Ms. Harris said Friday that the answer to that question apparently turned out to be, not much. Typically, she said, art thieves cannot sell stolen paintings “because they’re hot.” She said there had been no arrests in the case.

She said the gallery received an e-mail earlier in the week that said the drawing, “Cartel de Don Juan Tenorio,” had been sent back. The e-mail included an Express Mail tracking number. She said the gallery had told the police, and detectives had contacted the inspection service, which retrieved the package at the airport.

The return of the drawing was reported online by The New York Post on Friday afternoon.

A woman who answered the telephone at Venus Over Manhattan said the gallery would not comment.

Mr. Lindemann, an art collector and writer who said last week that the gallery was cooperating with the police, did not return calls to his home telephone on Friday night.

NEW YORK, June 29 (Reuters) - A Salvador Dali painting stolen last week from a New York City gallery was mailed back in pristine condition, police said on Friday.

Glimmers of hope had been raised earlier this week when the gallery received a brief email message by an unknown person, saying the 1949 ink and watercolor "Cartel de Don Juan Tenirio" is "on its way back to you already," police said.

The package was mailed from a location in Europe, and bore a phony sender name and address, according to Deputy New York Police Commissioner John McCarthy.

A spokesman for the gallery, which opened just this year on Manhattan's fashionable Upper East Side, declined to comment.

A second police source speculated that publicity surrounding the theft had complicated efforts to sell the painting on the black market.

Police detectives, including the department's in-house art expert, Detective Mark K. Fishstein, took possession of the painting from postal inspectors at John F. Kennedy International Airport when it arrived in New York on Thursday.

It was returned on Friday to the gallery, where it is being authenticated, McCarthy said.

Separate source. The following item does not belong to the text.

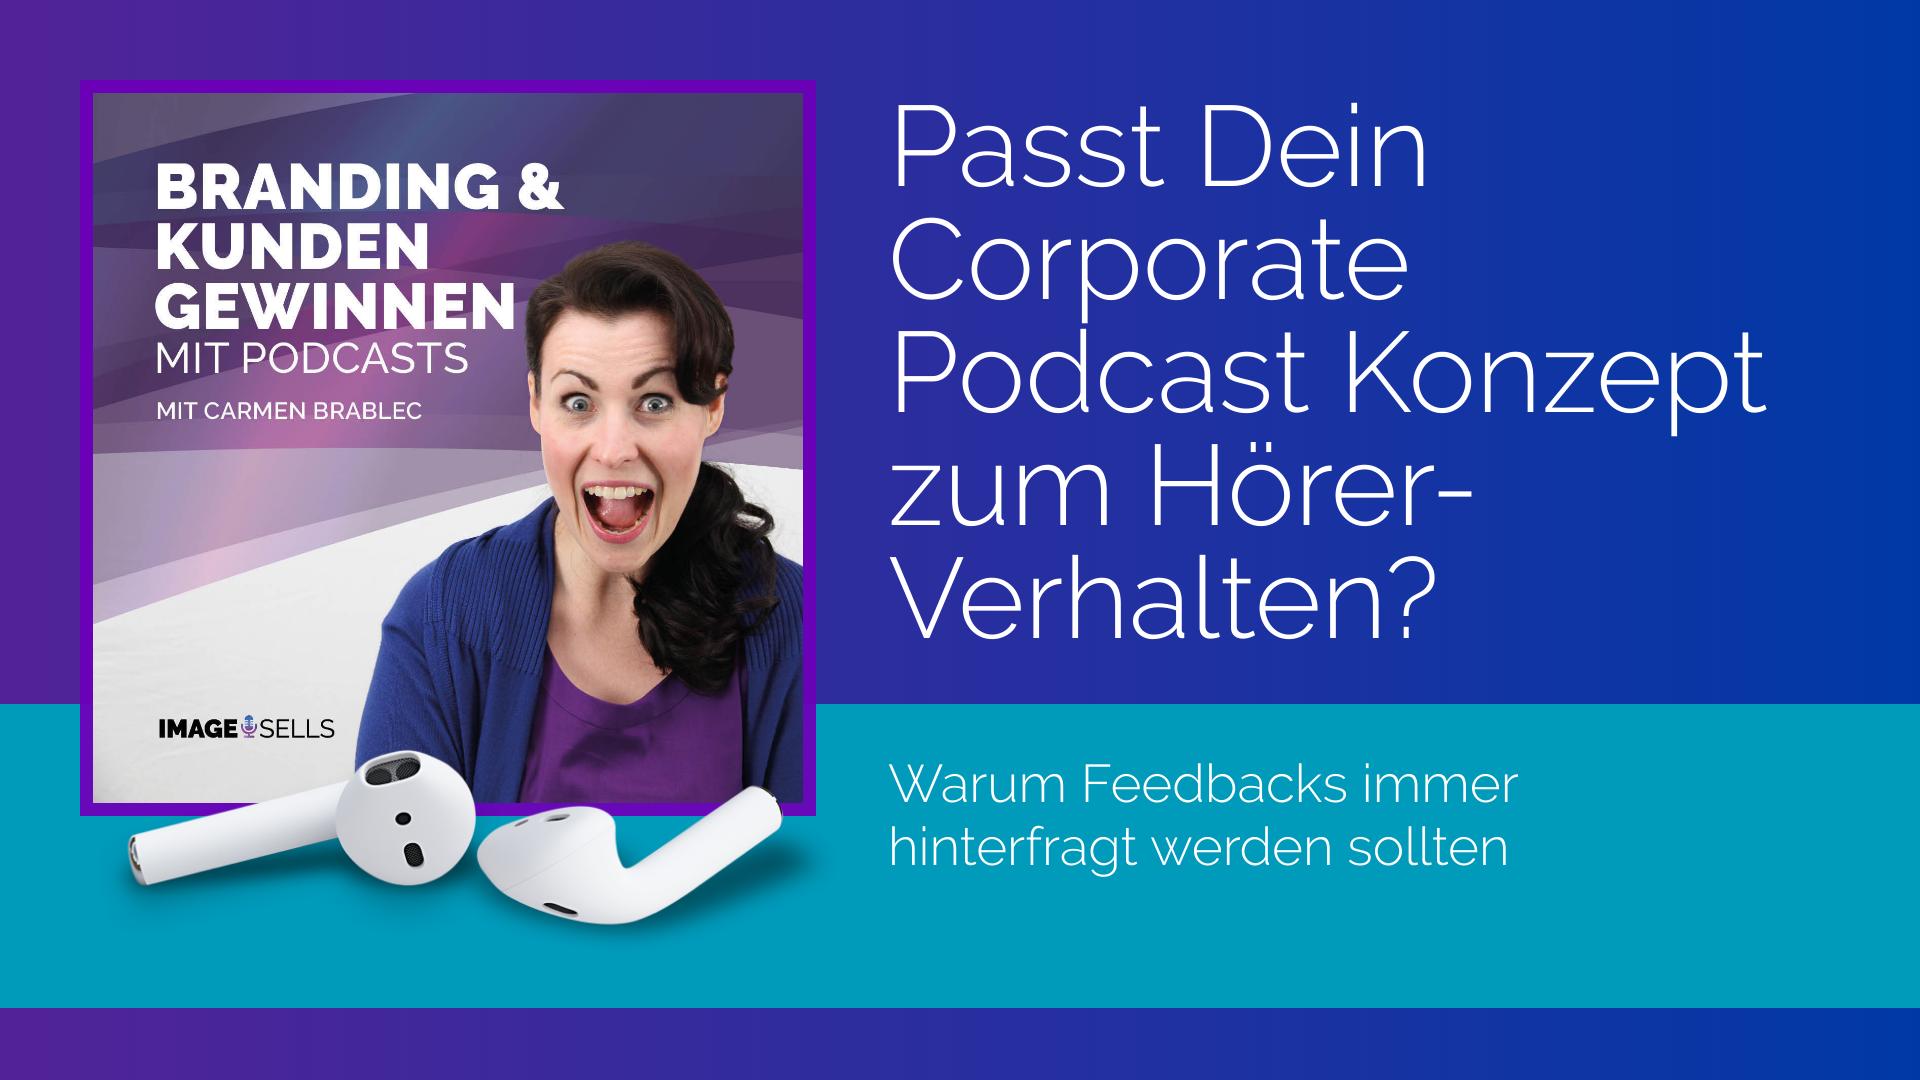 Passt Dein Corporate Podcast Konzept zum Hörer-Verhalten?

Last week, a man visiting the gallery removed the painting from a gallery wall, placed it in a shopping bag, and walked out of the building.

Fishstein, the Brooklyn-born son of two antiques dealers, became the department's "art cop" in 2003 after he caught the attention of his superiors as a young patrol officer, McCarthy said.

Fishstein had been called to the apartment of an Upper East Side woman who had been found dead. His sergeant had just finished an inventory of the apartment's valuables when Fishstein suggested police secure the painting on the wall.

"Why?" his sergeant asked.

"It's an original Picasso," Fishstein replied.

In 2008, Fishstein arrested a couple who had stolen a $100,000 Andy Warhol print of Chinese communist leader Mao Zedong from a frame store.

Art Hostage Comments:

Publicity stunt which will be exposed shortly.

However, shows the power of the media in reporting art crime can make these types of "Headache" art thefts counter-productive to criminal enterprise.